Pick every line from the data below that contains the string "handbags" and copy it.

*** Opening INFORMATION ***

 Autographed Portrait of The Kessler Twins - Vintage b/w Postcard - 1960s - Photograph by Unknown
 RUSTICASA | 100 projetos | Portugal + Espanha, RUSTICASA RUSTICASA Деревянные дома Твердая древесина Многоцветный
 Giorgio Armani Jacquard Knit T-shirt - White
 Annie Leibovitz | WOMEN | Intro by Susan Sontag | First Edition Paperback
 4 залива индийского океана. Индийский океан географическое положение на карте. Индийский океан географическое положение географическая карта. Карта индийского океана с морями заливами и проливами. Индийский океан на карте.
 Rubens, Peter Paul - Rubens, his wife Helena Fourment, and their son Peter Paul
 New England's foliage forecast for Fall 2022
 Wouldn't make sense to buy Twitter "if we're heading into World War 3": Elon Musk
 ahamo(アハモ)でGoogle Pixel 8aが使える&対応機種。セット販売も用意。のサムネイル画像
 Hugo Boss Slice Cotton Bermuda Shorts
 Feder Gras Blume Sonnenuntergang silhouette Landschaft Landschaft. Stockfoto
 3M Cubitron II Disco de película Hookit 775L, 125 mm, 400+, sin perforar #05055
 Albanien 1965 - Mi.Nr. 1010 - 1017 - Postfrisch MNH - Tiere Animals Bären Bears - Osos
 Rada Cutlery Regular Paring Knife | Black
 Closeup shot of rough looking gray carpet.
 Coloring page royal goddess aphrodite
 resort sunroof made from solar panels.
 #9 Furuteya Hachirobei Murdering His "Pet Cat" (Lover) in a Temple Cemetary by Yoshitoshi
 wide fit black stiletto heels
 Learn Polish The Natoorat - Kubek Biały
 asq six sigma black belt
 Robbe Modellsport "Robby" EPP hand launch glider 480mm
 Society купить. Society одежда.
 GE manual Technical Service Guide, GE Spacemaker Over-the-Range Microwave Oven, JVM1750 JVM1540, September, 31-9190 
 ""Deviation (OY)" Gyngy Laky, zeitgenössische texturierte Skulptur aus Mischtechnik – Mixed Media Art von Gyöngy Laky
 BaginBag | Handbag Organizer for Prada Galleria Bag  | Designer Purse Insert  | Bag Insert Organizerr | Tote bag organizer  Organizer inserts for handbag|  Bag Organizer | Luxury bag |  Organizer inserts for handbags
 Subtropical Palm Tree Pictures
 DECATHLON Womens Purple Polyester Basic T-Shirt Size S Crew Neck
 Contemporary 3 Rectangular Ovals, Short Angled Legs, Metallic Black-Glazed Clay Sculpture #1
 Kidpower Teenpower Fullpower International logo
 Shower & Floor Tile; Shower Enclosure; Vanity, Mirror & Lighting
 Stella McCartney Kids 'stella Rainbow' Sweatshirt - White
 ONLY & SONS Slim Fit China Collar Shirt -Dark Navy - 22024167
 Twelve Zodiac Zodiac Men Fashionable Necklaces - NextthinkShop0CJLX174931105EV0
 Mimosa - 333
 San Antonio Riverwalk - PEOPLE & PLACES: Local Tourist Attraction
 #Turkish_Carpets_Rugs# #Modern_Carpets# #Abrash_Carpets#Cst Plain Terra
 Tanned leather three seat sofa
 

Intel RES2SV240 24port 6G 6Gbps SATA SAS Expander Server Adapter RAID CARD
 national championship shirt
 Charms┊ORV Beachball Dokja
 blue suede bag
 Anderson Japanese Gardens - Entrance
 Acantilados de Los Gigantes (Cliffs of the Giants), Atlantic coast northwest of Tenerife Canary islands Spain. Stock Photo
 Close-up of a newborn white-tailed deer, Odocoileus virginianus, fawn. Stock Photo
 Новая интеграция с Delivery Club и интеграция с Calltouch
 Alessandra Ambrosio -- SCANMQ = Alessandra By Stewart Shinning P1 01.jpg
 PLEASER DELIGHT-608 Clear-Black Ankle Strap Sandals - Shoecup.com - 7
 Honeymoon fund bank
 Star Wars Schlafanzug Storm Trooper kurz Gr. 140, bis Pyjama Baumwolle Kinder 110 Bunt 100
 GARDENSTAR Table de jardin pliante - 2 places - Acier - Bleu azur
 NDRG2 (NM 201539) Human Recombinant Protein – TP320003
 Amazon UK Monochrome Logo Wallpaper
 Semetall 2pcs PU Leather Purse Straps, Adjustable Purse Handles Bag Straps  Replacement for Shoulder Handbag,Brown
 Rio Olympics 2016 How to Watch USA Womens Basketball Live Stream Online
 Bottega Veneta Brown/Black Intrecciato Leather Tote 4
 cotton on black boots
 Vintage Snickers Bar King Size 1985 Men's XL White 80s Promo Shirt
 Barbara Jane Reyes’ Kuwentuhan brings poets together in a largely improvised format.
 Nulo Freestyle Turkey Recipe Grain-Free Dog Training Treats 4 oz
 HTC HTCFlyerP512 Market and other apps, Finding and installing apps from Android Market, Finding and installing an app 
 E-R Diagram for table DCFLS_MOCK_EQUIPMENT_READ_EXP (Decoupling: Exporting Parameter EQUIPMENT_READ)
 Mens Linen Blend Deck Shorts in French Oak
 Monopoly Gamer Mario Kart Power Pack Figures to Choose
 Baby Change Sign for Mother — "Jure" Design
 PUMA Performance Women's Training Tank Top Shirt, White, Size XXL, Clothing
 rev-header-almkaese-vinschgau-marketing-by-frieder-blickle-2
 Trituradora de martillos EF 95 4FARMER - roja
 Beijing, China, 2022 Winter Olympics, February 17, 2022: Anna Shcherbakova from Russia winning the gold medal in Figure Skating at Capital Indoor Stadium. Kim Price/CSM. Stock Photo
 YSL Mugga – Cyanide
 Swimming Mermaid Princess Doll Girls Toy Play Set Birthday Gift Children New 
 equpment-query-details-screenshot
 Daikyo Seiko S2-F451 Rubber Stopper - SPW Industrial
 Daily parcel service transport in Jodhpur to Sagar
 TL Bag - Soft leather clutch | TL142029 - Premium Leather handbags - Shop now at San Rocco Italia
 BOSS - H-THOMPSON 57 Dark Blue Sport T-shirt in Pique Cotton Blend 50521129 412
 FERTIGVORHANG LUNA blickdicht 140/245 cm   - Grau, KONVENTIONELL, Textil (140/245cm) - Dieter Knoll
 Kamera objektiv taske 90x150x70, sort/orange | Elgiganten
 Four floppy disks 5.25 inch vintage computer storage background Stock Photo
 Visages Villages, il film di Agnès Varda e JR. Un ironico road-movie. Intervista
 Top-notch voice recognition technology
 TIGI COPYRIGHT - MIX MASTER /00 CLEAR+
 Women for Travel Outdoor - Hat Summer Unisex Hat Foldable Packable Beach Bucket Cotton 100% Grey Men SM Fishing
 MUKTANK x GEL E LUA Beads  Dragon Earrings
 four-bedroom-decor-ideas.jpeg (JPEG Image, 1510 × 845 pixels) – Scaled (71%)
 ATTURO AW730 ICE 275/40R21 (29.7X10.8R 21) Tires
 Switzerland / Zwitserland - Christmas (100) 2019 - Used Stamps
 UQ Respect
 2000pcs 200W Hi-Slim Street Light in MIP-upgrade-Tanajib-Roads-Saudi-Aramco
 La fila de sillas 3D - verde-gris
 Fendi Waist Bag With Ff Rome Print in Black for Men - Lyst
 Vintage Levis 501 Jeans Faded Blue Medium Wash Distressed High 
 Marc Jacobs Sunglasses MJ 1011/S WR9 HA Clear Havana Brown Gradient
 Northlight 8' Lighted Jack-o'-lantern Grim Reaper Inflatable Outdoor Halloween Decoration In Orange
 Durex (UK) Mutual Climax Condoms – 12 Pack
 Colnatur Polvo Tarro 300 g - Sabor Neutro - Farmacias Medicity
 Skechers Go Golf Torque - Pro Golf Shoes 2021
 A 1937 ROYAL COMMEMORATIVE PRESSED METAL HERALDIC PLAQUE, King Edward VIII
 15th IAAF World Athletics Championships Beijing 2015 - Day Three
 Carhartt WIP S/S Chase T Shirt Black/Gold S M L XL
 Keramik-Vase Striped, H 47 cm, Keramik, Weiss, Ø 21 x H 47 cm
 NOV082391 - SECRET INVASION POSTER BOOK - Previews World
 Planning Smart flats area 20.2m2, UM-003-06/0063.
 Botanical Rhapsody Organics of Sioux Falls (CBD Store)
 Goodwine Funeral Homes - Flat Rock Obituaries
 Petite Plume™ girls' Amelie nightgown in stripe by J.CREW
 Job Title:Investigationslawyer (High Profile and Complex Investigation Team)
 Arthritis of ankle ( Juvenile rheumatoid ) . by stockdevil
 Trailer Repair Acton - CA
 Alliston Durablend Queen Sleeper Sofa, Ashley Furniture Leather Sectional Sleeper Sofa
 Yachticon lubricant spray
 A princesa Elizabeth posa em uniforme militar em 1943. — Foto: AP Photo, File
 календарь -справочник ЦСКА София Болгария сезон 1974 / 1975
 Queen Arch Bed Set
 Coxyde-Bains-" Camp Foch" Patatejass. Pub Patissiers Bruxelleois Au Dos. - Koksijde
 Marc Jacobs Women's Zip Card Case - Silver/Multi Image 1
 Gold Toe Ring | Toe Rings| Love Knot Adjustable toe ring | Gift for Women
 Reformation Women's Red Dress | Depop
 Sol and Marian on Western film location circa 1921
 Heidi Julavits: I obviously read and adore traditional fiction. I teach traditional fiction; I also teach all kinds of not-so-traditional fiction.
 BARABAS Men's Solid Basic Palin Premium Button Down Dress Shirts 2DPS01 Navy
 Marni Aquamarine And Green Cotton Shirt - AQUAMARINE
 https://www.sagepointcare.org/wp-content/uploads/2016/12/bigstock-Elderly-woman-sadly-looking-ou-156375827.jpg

*** Closing INFORMATION ***

RESPONSE AREA —
 BaginBag | Handbag Organizer for Prada Galleria Bag  | Designer Purse Insert  | Bag Insert Organizerr | Tote bag organizer  Organizer inserts for handbag|  Bag Organizer | Luxury bag |  Organizer inserts for handbags
 TL Bag - Soft leather clutch | TL142029 - Premium Leather handbags - Shop now at San Rocco Italia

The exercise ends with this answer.